Write Custom Detection Signatures for InferenceWall

The 100 built-in signatures cover common attack patterns, but your application may have threats that are unique to your domain: internal project codenames that should never appear in LLM output, proprietary data formats, or custom prompt structures your team uses. Custom signatures let you codify those patterns in YAML and deploy them alongside the shipped catalog — without touching the package.

Create the signatures directory

mkdir -p ~/.inferwall/signatures

InferenceWall automatically loads all .yaml files from this directory at startup and merges them with the shipped catalog.

Write your signature YAML

Create a YAML file for your signature.

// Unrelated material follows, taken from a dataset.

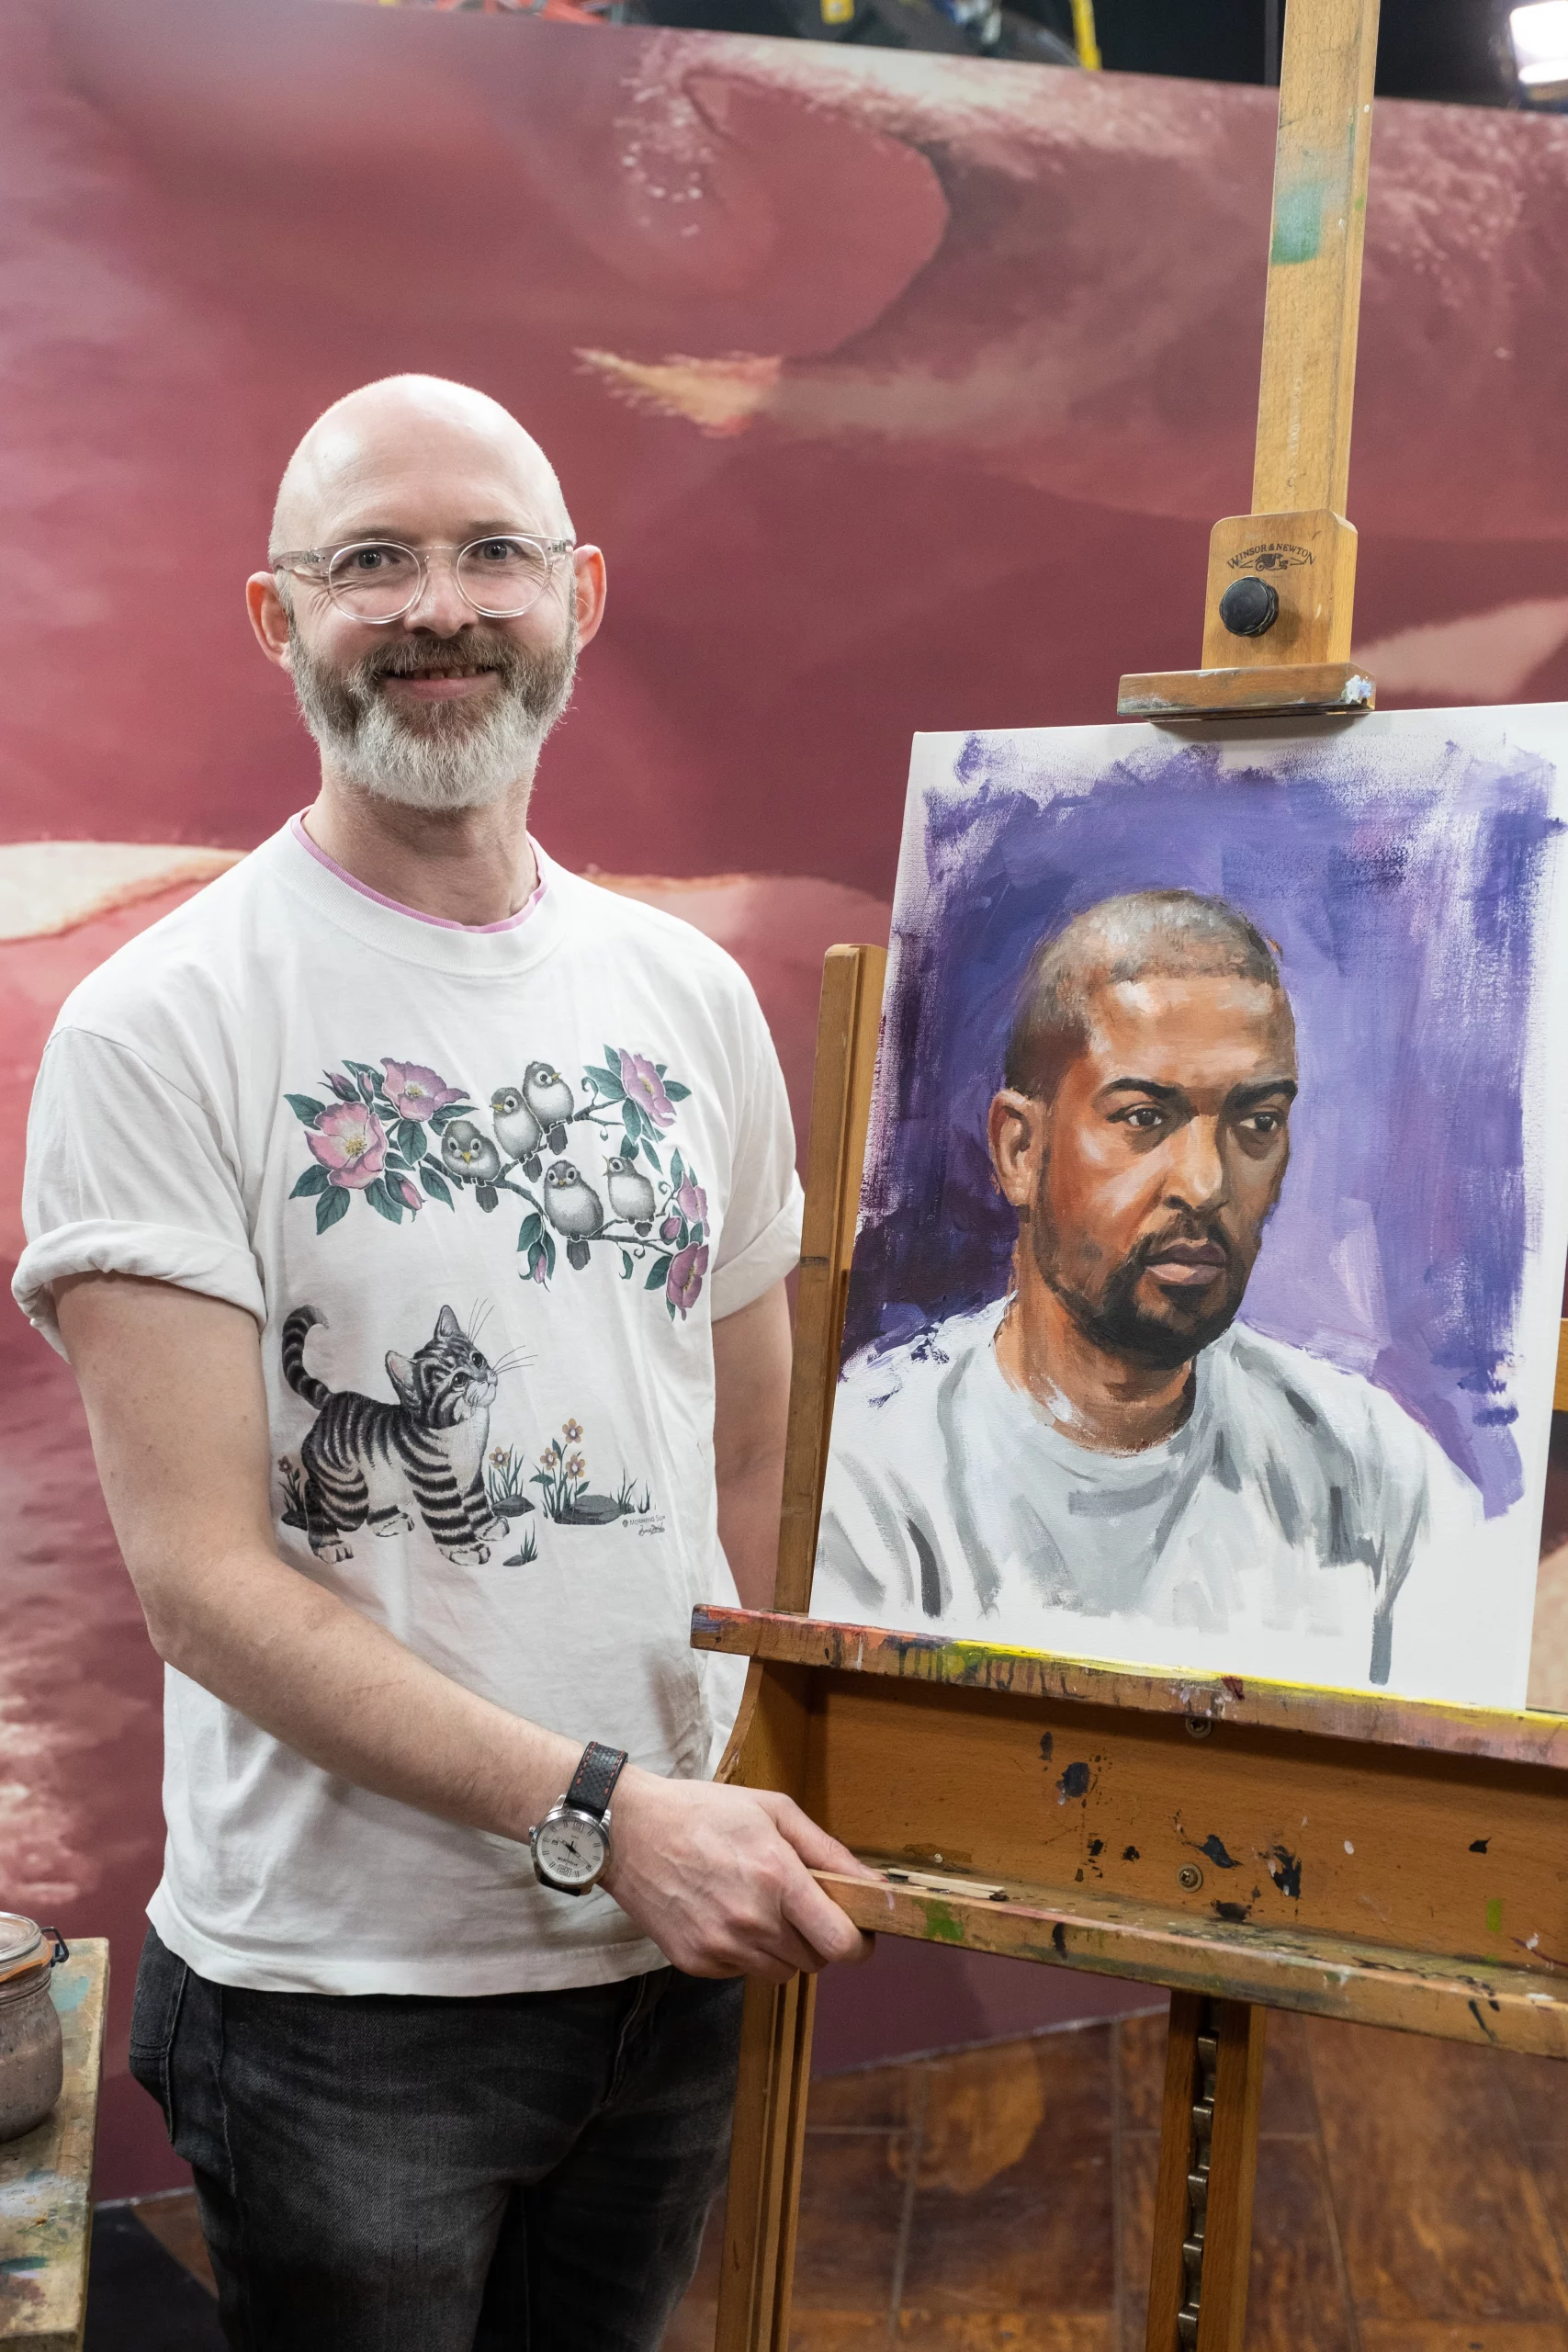 Chris-Longridge Portrait artist of the year series 2020

The filename does not matter — only the id field inside the YAML is used for catalog merging.

cat > ~/.inferwall/signatures/custom-block-internal.yaml << 'EOF'
# Custom signature — block references to internal project names
signature:
  id: INJ-D-100
  name: Internal Project Name Leak
  version: "1.0.0"

meta:
  category: data-leakage
  subcategory: S
  technique: keyword-match
  severity: high
  confidence: high
  performance_cost: low
  tags: [internal, custom]

detection:
  engine: heuristic
  direction: output
  patterns:
    - type: substring
      value: "Project Nightingale"
    - type: substring
      value: "Project Falcon"
  condition: any

scoring:
  anomaly_points: 10

tuning:
  enabled: true
  default_enabled: true
  default_action: enforce
EOF

Verify the signature is picked up

Restart the server or reimport the SDK. InferenceWall performs the catalog merge at startup, so no hot-reload is needed — a restart is sufficient.

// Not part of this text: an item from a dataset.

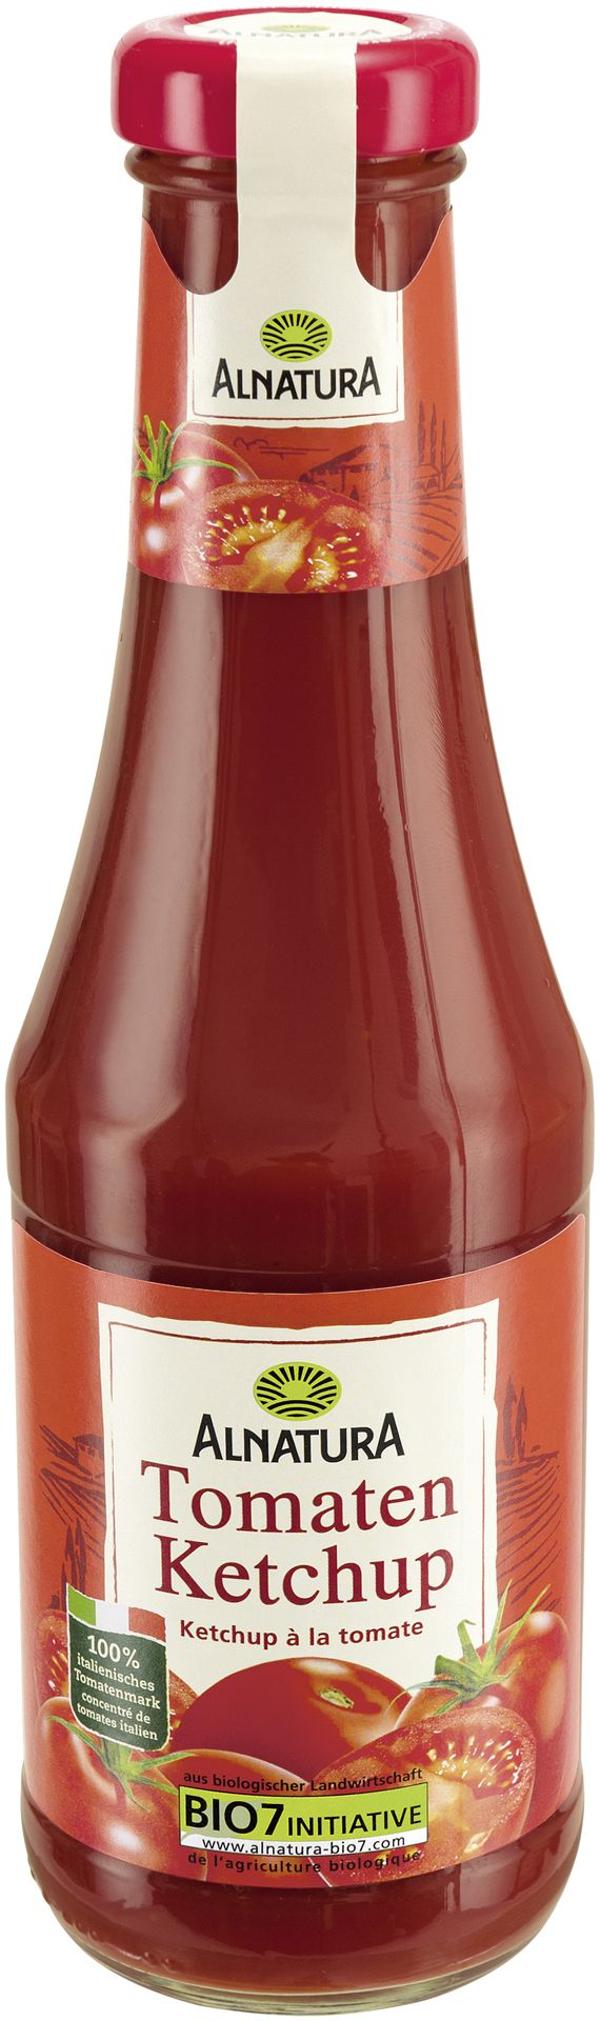 Produktfoto zu Tomaten Ketchup 500 ml Alnatura

# If running the API server
inferwall serve

# Confirm the signature loaded by checking the health endpoint
curl http://localhost:8000/v1/health

Signature YAML format

Every signature is a single YAML file with four top-level sections. The full schema:

# License: CC BY-SA 4.0 — https://creativecommons.org/licenses/by-sa/4.0/

signature:
  id: INJ-D-001        # Unique ID: {CATEGORY}-{SUBCATEGORY}-{NUMBER}
  name: Role-Play Persona Jailbreak
  version: "1.0.0"

meta:
  category: prompt-injection    # prompt-injection, content-safety, data-leakage, agentic, system-prompt
  subcategory: direct           # Category-specific subcategory
  technique: role-play-persona  # Specific technique name
  owasp_llm: "LLM01:2025"      # Optional: OWASP LLM Top 10 mapping
  atlas: ["AML.T0054", "AML.T0051.000"]  # Optional: MITRE ATLAS technique IDs
  severity: high                # critical, high, medium, low, info
  confidence: high              # high, medium, low
  performance_cost: low         # low (<1ms), medium (1-50ms), high (>50ms)
  tags: [jailbreak, persona]    # Optional freeform tags

detection:
  engine: heuristic             # heuristic, classifier, semantic, llm-judge, composite
  direction: input              # input, output, bidirectional
  patterns:
    - type: regex               # regex, substring, semantic, perplexity, encoding, unicode
      value: "(?i)act\\s+as"
  condition: any                # any (OR), all (AND), weighted

scoring:
  anomaly_points: 8             # 1-15 points added on match

tuning:
  enabled: true
  default_enabled: true
  default_action: enforce       # enforce or monitor

Signature ID format

IDs follow the pattern {CATEGORY}-{SUBCATEGORY}-{NUMBER}. Use a number above 099 for custom signatures to avoid colliding with the shipped catalog.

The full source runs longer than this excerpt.